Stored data
[Start of Attachment]
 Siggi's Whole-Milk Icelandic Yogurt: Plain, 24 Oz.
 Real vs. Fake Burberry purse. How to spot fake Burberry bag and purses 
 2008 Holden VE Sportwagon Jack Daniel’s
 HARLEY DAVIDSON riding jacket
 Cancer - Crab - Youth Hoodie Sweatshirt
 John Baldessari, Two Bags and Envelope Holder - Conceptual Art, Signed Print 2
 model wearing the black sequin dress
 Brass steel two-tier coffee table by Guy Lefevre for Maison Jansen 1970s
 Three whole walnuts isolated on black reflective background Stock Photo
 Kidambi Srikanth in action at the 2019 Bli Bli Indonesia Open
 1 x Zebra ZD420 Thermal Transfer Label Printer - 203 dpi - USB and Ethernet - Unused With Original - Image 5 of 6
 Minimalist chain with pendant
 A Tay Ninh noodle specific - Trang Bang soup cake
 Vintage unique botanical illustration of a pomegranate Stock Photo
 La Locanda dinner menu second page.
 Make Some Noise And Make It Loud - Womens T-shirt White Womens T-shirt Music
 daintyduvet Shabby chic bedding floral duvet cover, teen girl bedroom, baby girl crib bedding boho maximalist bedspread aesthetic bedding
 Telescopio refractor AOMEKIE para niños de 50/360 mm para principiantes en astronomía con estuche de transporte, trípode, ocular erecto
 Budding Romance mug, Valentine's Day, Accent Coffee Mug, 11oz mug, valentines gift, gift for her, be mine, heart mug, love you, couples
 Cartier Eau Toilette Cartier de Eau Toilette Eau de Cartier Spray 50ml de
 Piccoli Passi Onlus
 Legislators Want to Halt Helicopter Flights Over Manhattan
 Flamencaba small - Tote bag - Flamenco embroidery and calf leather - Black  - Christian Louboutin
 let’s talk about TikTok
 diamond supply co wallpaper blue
[End of Attachment]
The problem:
Please go over the data above and tally every line holding "Photo"; reply only with the count.

Solution:
2